Amir of Fars and Kerman
- Reign: 998–1012
- Predecessor: Samsam al-Dawla
- Successor: Qawam al-Dawla (in Kerman) Sultan al-Dawla (in Fars)
- Born: 971
- Died: December 22, 1012 Arrajan
- Issue: Qawam al-Dawla Sultan al-Dawla Musharrif al-Dawla Jalal al-Dawla
- Father: Adud al-Dawla
- Religion: Twelver Shia Islam

= Baha al-Dawla =

Amir of Iraq from 988 to 1012

Abu Nasr Firuz Kharshadh (أبو نصر فيروز خوارشاذ; died December 22, 1012), better known by his laqab of Baha al-Dawla (بهاء الدوله) was the Buyid amir of Iraq (988–1012), along with Fars and Kerman (998–1012). His early reign was dominated by struggles with his rival relatives over control of the western Persian provinces, but by 998 he managed to establish his supremacy over the Buyid confederation.
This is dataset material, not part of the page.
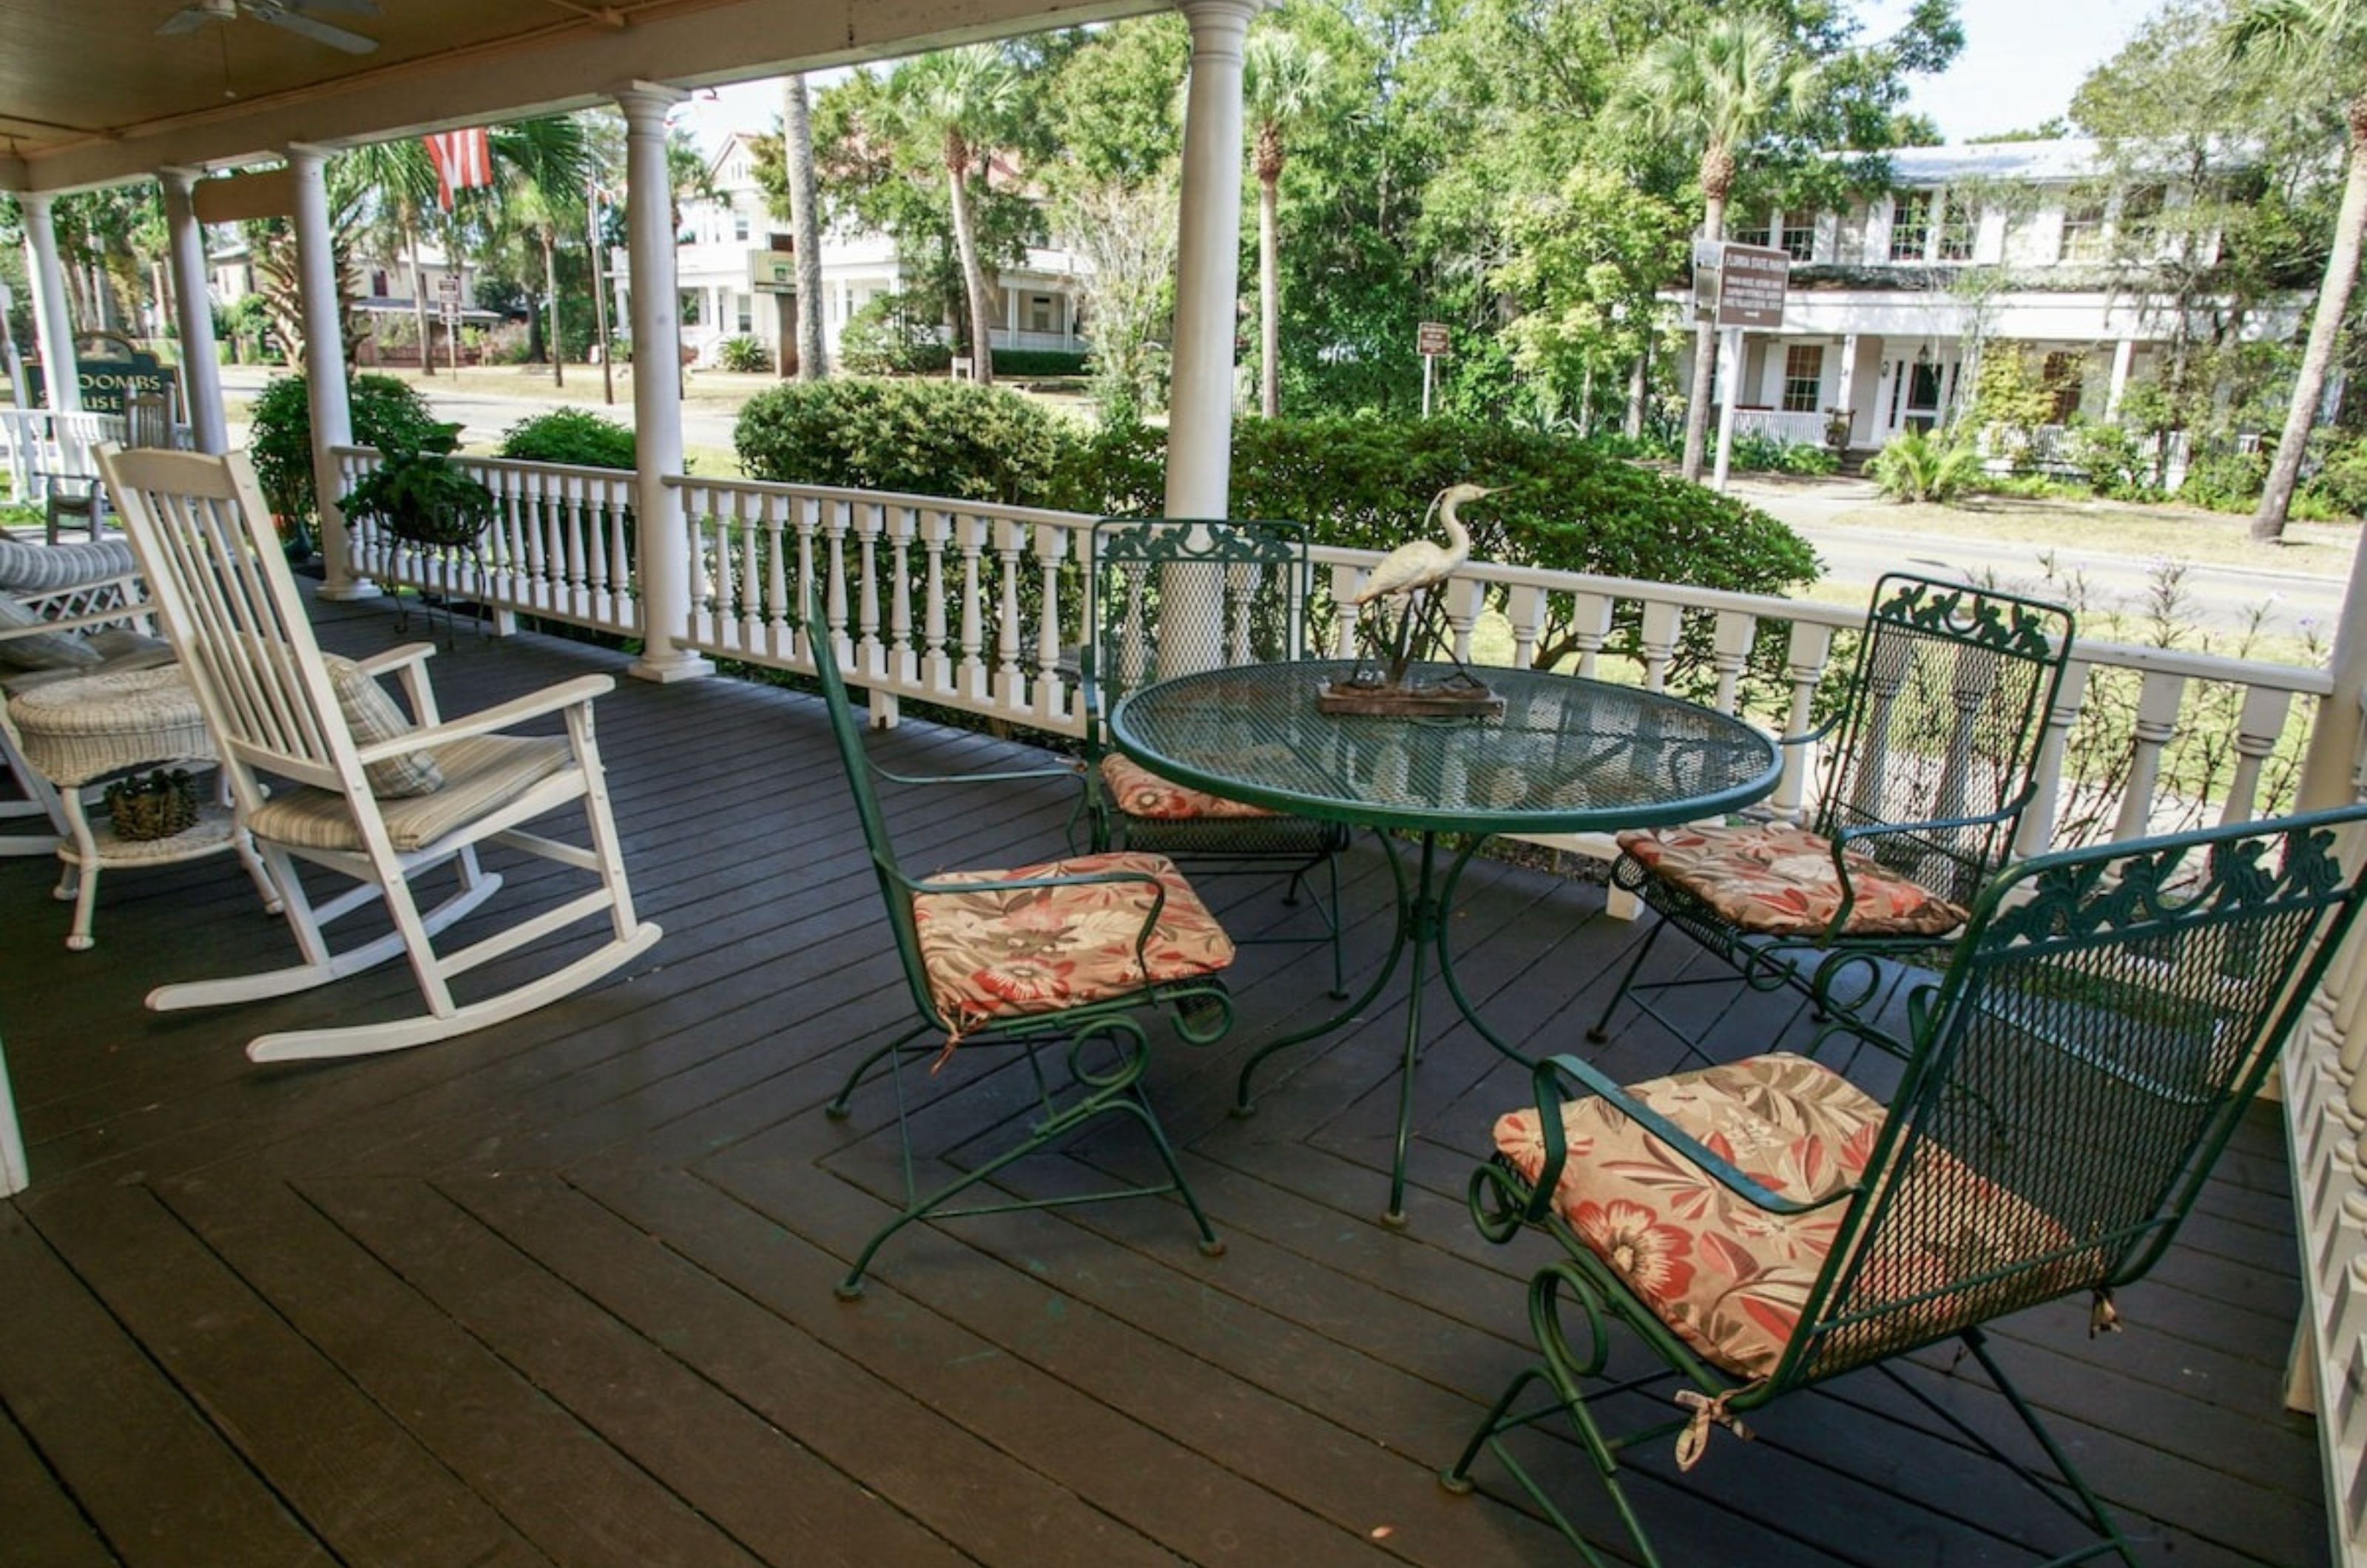 The rocking chairs and tables on the relaxing porch 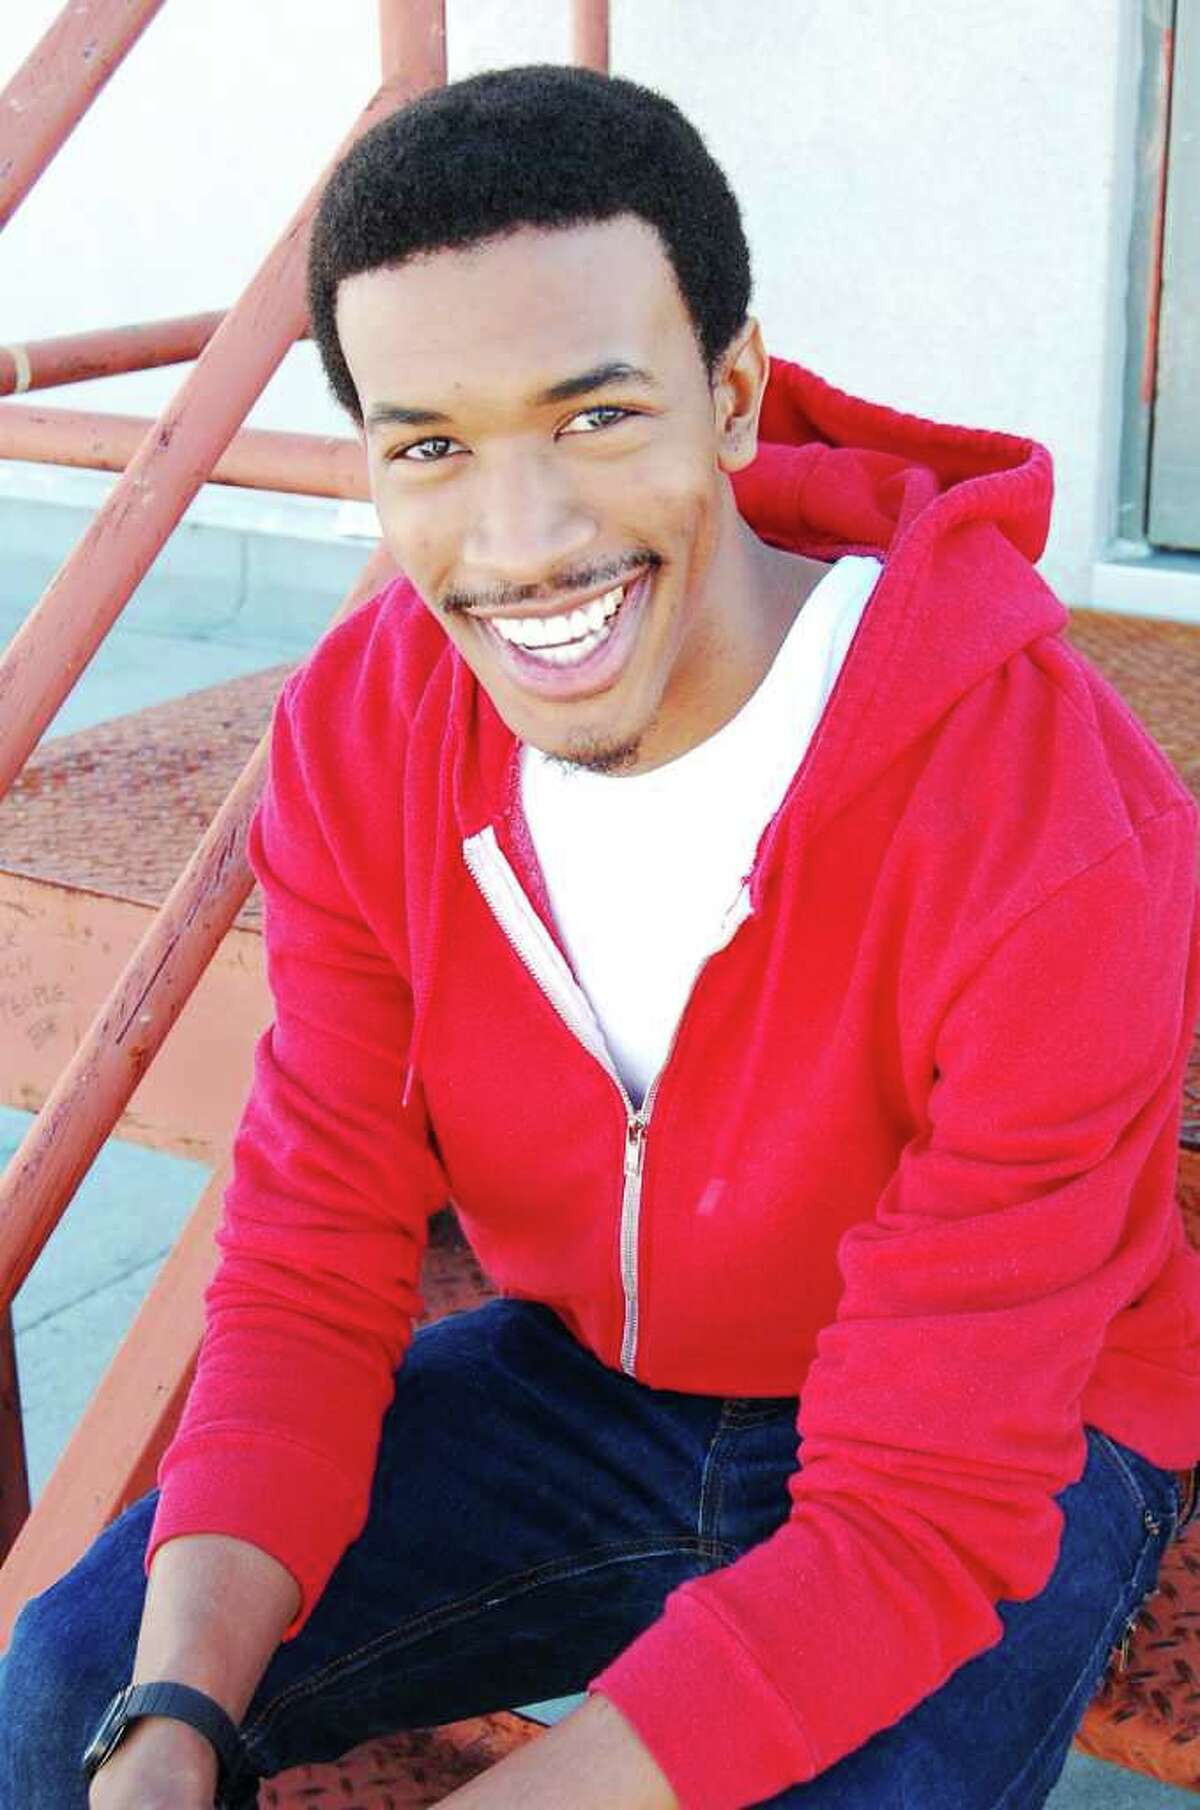 COURTESY PHOTO TRIPLE THREAT: Justin Prescott, who sings, dances and acts, is performing in Memphis.

His reign nevertheless saw the increasing encroachment of neighbouring powers on Buyid territory, and marks the beginning of the decline of the Buyids' power. He was the third son of 'Adud al-Dawla.

== Early life ==
In 986, a Dailamite officer named Asfar ibn Kurdawayh rebelled against the ruler of Iraq, Samsam al-Dawla, and changed his allegiance to Sharaf al-Dawla. However, Asfar quickly changed his mind, and declared allegiance to the latter's other brother Abu Nasr Firuz Kharshadh, who was shortly given the honorific epithet of "Baha' al-Dawla." However, Samsam al-Dawla, with the aid of Fuladh ibn Manadhar, suppressed the rebellion, and imprisoned Baha al-Dawla. Samsam al-Dawla shortly made peace with Sharaf al-Dawla, and agreed to release Baha al-Dawla. Sharaf al-Dawla shortly betrayed Samsam al-Dawla, conquered Iraq, and had him imprisoned in a fortress.

== Reign ==
Upon the death of Sharaf al-Dawla in 988, Baha' al-Dawla succeeded him, whereupon he took the additional title of Diya' al-Milla. Samsam al-Dawla, who managed to flee from prison, prevented Baha' al-Dawla from gaining all of Sharaf al-Dawla's possessions by taking control of Fars, Kerman and Khuzestan. Both Baha' al-Dawla and Samsam al-Dawla, however, were threatened by their granduncle Fakhr al-Dawla, the ruler of Jibal, who invaded Khuzestan in an attempt to drive a wedge between the two brothers' territories. This act prompted the brothers to draw up an alliance. Samsam al-Dawla recognized Baha' al-Dawla as the ruler of Iraq and Khuzestan, while he himself kept Arrajan, Fars and Kerman. Both promised to consider each other as equals, and took the title of king (malik). In 990, Baha' al-Dawla appointed Sabur ibn Ardashir as his vizier.

In 991 Baha' al-Dawla attempted to gain supremacy over Samsam al-Dawla's realm. He took the ancient Persian title of Shâhanshâh and invaded the latter's territory. His forces were defeated, however, and Samsam al-Dawla regained Khuzestan and even gained control of the Buyid territories in Oman. He then recognized Fakhr al-Dawla as senior amir, submitting to his authority.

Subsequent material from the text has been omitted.